The same is true today. With so many definitions of truth given by our partisan ties, national loyalties or personal ideology, politics and faith have become intertwined for specific interests. Whether we realize it or are even aware of it, manipulative tactics are utilized. Truth is determined absolute with minimal facts or selective information. Leaders are allowed to determine truth based on what is personally or financially beneficial. Truth becomes aligned with what continues to make leaders more and more powerful. These are the same tactics Pilate utilizes with Jesus. And like Pilate’s power plays with Jesus, this game of truth continues to result in loss of life.
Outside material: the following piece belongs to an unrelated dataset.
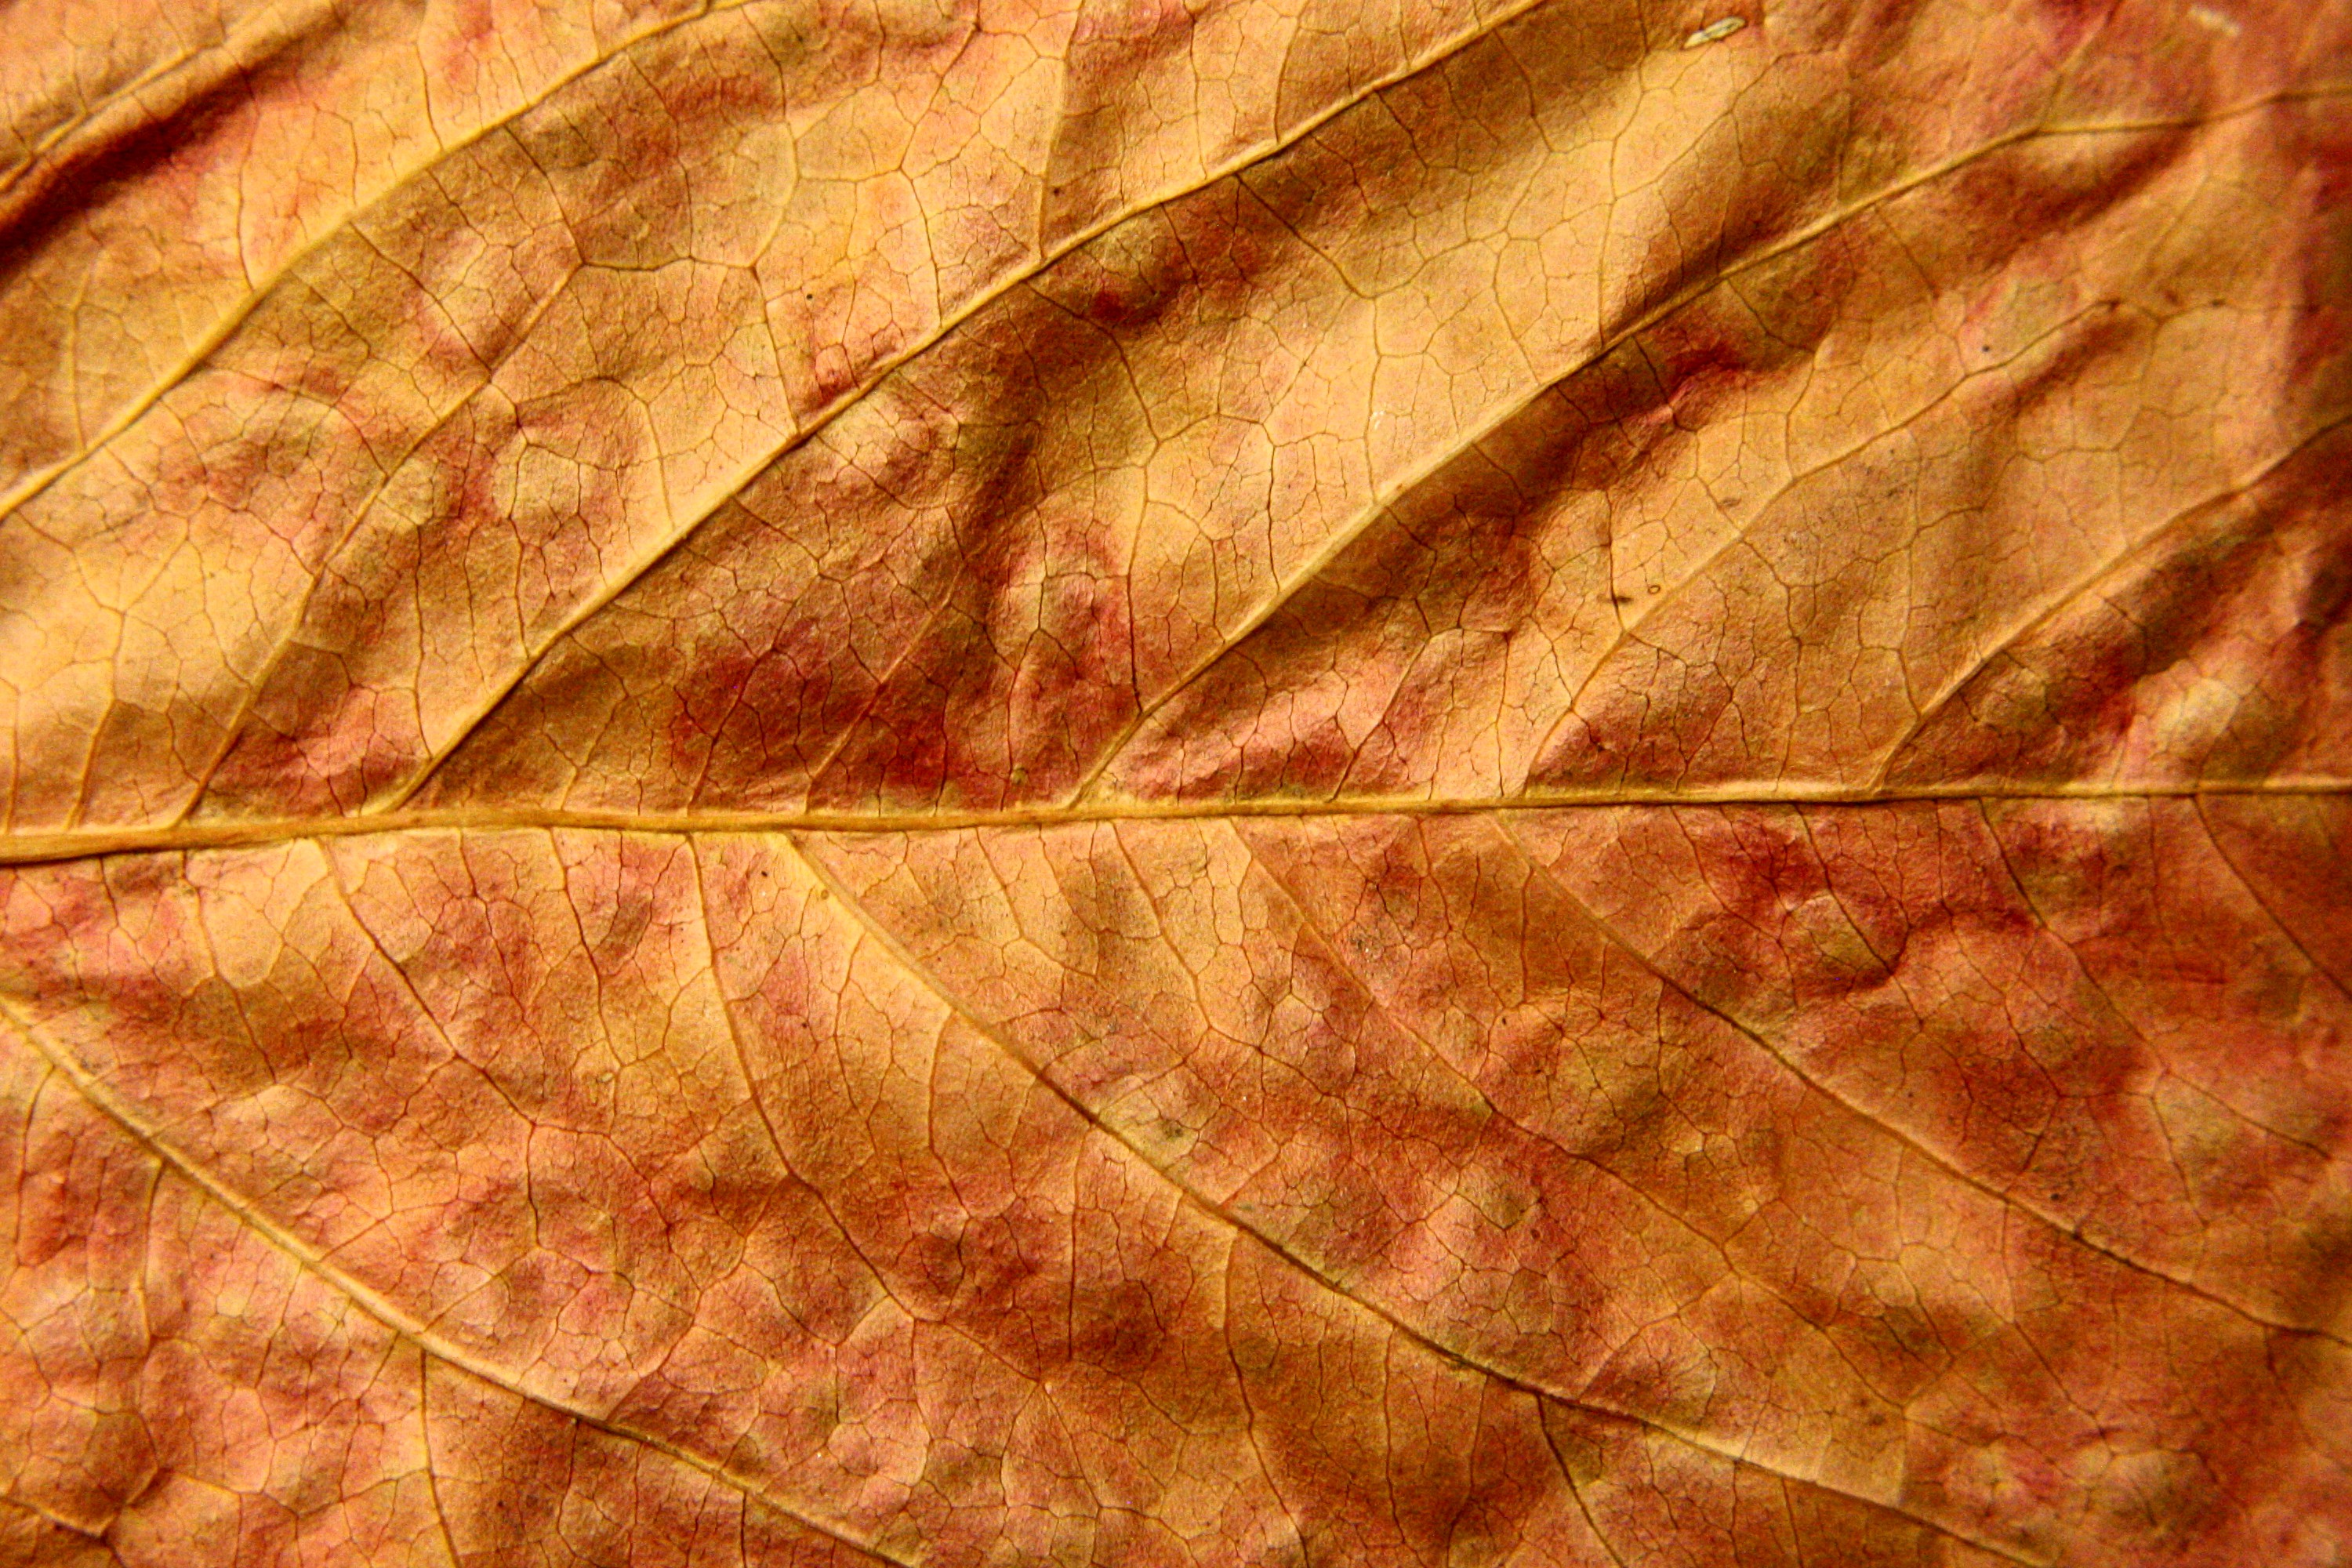 Dried Fall Leaf Close Up Texture Picture | Free Photograph | Photos ...

It makes me wonder: what have we learned 2,000 years later?

What did Jesus die for, if this is how we are still behaving?

John’s gospel starts with “In the beginning was the Word, and the Word was with God and the Word was God(John 1:1).” That perspective gives us our reason: God has known humanity since its beginning. God knows we keep repeating the same mistakes. God knows we are not learning from history: whether how bigotry and prejudice result in discriminatory practices, or how abuses of power manifest themselves in authoritarian regimes, or how our selfish need to be correct stops us from listening well to one another.  History repeats itself, God knows it, and Jesus died because of it. 

Jesus also died for it, and the crucifixion is the way we receive peace, knowing that even when history repeats itself, Jesus’ sacrificial love will always be there as the example of servanthood waiting to be followed. Jesus sacrificial love never goes away.

“We have no king but…”                          …It is our choice how to respond.